Quarteroni and collaborators pioneered the concept of using lumped and 1D-circulation models in an attempt to provide realistic BCs to 3D models.15,28,34 More recently in 2009, we30 introduced the use of a 1D-circulation model to derive BCs while studying hemodynamics within IAs. This model is used in the current study. The parameters of the 1D model used are relative to a healthy typical individual, an approach exposed to the limitations mentioned above for typical “healthy” waveforms. Indeed, this might explain, in part, the quantitative discrepancies observed. The use of a 1D model, however, has the advantage of allowing flexibility in the location of the model boundaries and, more importantly, has the potential for adaptation to patient-specific parameters, when available, to obtain more representative values at the boundaries. The comparison in Fig. 6 (top) shows important differences between 1D model and pc-MR data ranging from a minimum median value of 11% (OSI) to a maximum of 46% (mtavWSS).

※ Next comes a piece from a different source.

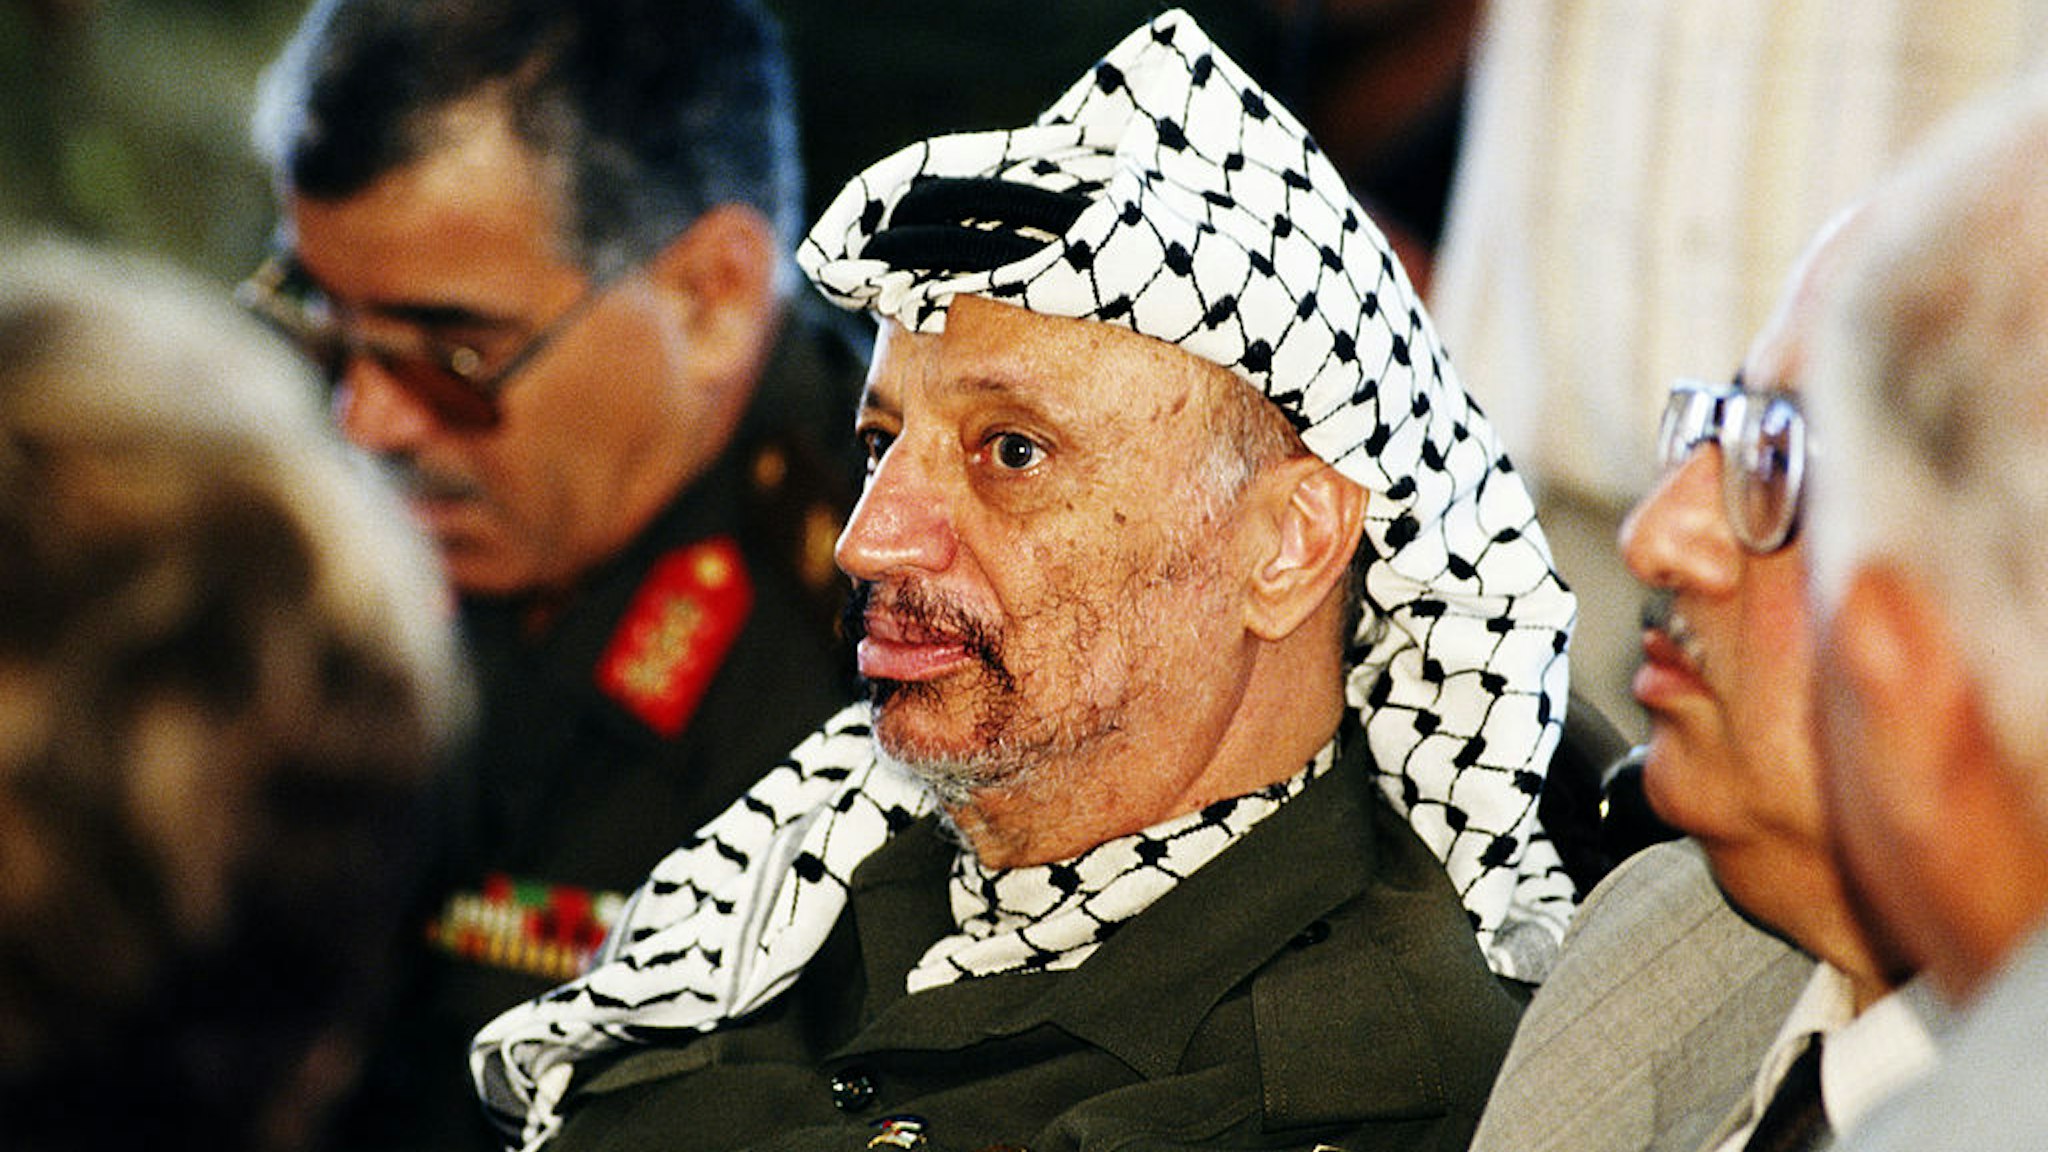 GAZA, ISRAEL - JULY 1994: Chairman Yasser Arafat pictured during a meeting after his return from exile to Gaza.

These discrepancies, however, are determined by differences in flow rates between the 1D model and patient-specific waveforms, which are of the same order of magnitude to physiological variations reported by Gonzalez-Alonso et al.16, see Table 4. While there are quantitative differences in hemodynamic indices obtained by the different methods, comparisons using normalized data showed that the distribution of WSS remains unchanged. This confirms once again the significance of geometry in determining the hemodynamic development within the aneurysm,5,30 but also some degree of linearity of the results with respect to the flow within the aneurysm. Table 5 shows information on geometry and flow immediately proximal to the aneurysm sac for all three methods considered. Re values show a certain degree of linearity with respect to the absolute values reported in Fig. 3.

Table 4 Time-average volumetric flow rates and inlet radii for the five aneurysms
Table 5 Reynolds numbers of flow approaching aneurysm, aneurysm aspect ratios, and vessel radii

Comparisons of OSI values showed good agreement between the three methods. This is to be expected as OSI, in its definition, uses the normalization of local WSS.

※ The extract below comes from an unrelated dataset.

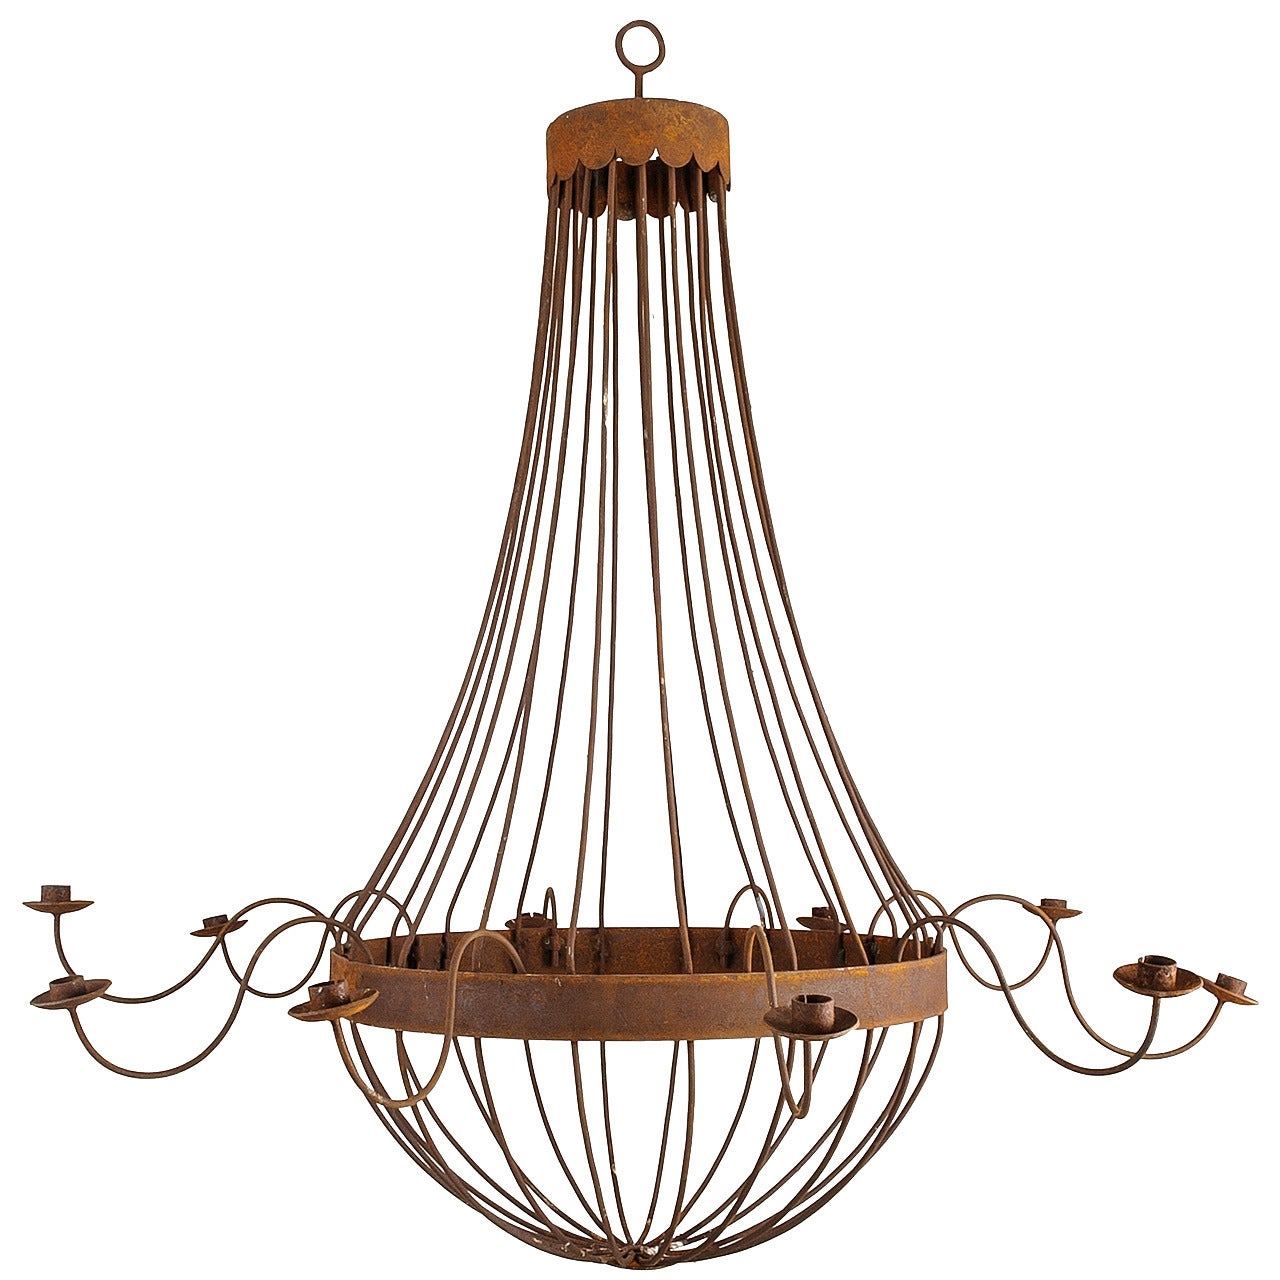 Grand French Bell Iron Chandelier with Ten Candles, Rusted Finish

Although blood is a non-Newtonian fluid, in this study we made the assumption of constant viscosity. This is a valid assumption in the context of a study whose aim is to evaluate the influence of BCs on intra-aneurysmal flow. In this respect, the use of a non-Newtonian model would have negligible influence on our findings as the same rheology model would be consistently used to study the influence of BCs. Also, Cebral et al.5 showed that the sensitivity of hemodynamic predictions to different rheology models is negligible in the context of aneurysmal hemodynamics.

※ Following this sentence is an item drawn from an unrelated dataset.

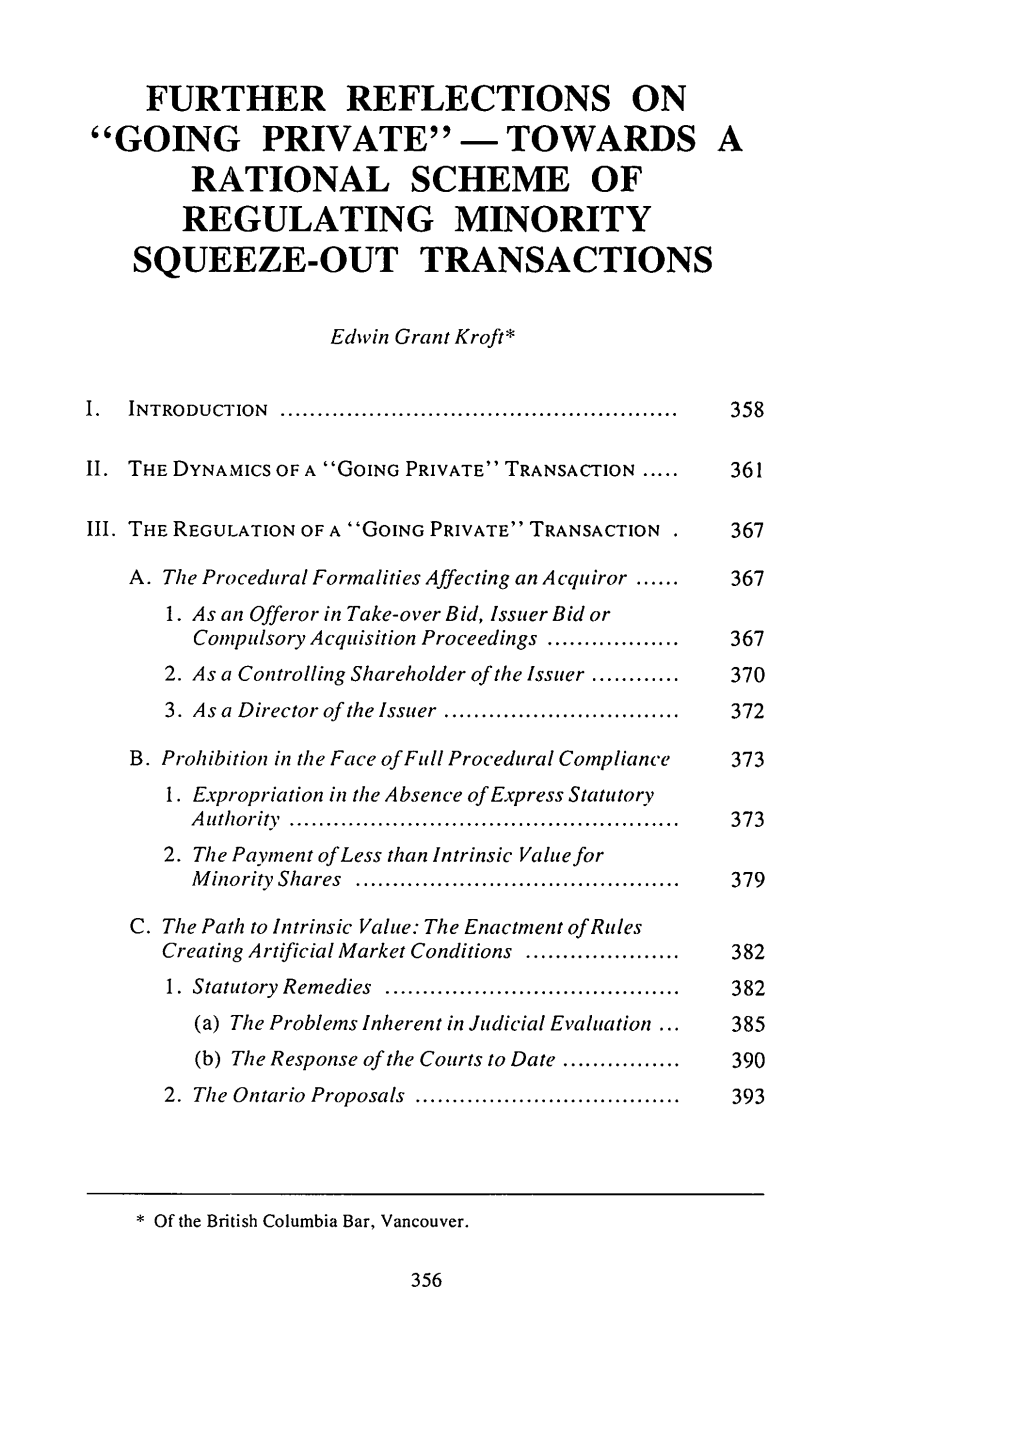 Rational Scheme of Regulating Minority Squeeze-Out Transactions

The current study would benefit from a larger aneurysm cohort (although this would, of course, be subject to clinical limitations), and from a wider range of aneurysm locations (for example, aneurysm of the anterior communicating artery (ACommA) or basilar artery), which were not available in this study.

Summary

Whereas we can easily extract information about aneurysm and vessel geometry, measurements of blood flow to be used as BCs in numerical predictions are more difficult to determine. As hemodynamic factors are believed to be important in the aneurysm natural history, we investigated the variability of certain hemodynamic parameters with BCs. In this preliminary study differences were found between results obtained with patient-specific and modeled BCs. These are attributable to underlying differences in the Re of the flow approaching the aneurysms. In fact, discrepancies were significantly reduced when considering normalized indices, suggesting a certain degree of linearity in the results and the important role played by geometry in intraneurismal hemodynamics. It is likely that in the future patient-specific BCs will be provided as a part of routine clinical procedure. Until then, affirmation of CFD will be based on finding statistical correlations using non-patient-specific BCs. The results of this study show that modeled BCs allow realistic predictions of IA hemodynamics and offer a viable means for finding correlations with rupture in large cohort studies.